One possibility is instead of calling the variable “race” try using exactly what you’re actually measuring (i.e. the reason you think race is relevant) like ‘racialized students’ or ‘colonial trauma survivors’ or ‘members of an economically disenfranchised community’. Another possibility is instead of using a person’s race as a proxy for racism, there are ways to directly measure experiences of oppression and discrimination. None of these are perfect. Being transparent about your choices is really the only way. 


You’re trying to show that race itself actually causes something… 


When you’re doing causal data work and you would like to show that race itself is actually causing something, you might be no longer using race as a proxy.
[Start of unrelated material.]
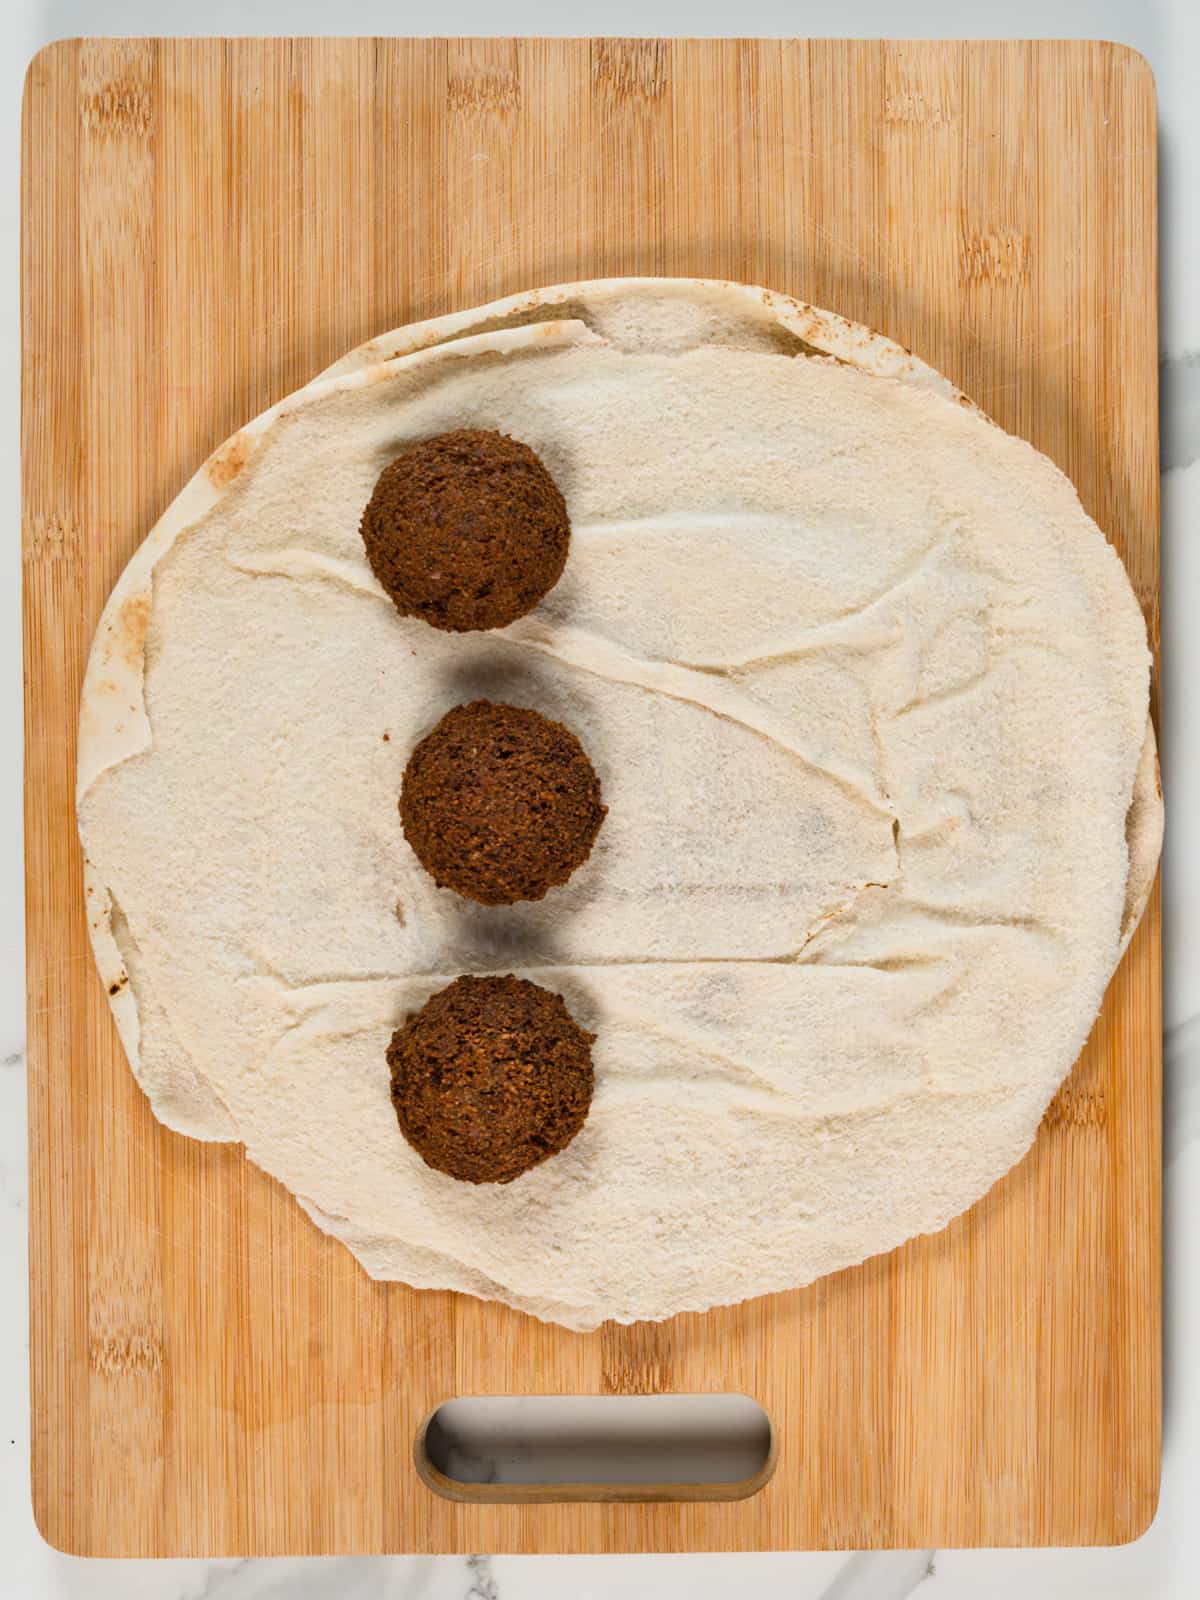 round pita bread with 3 brown falafel balls on a wood chopping board

In certain medical studies, using race as a direct variable to test how a medication is being metabolized or how to treat certain diseases most successfully, you may want to use a direct variable of race. However, even then it’s good to check whether you could use a more directly measurable piece of data rather than the social construct of race.



When you want to talk about race itself as a factor, it’s very rare and usually medical. Even if it’s medical don’t assume race isn’t a proxy.


When you want to talk about racism, oppression or other factors linked to race, say exactly what you mean and don’t use race as a proxy. It helps to put the onus in the right place.

When you want to talk about the differences in experience between races, look for better variables that ‘race’ might be hinting towards because race is almost never the actual cause of the difference. 


When you only have ‘race’ and can’t dig into what it might be a proxy for, don’t use it or be transparent that race is probably standing in for something else but you don’t have the data to find out what.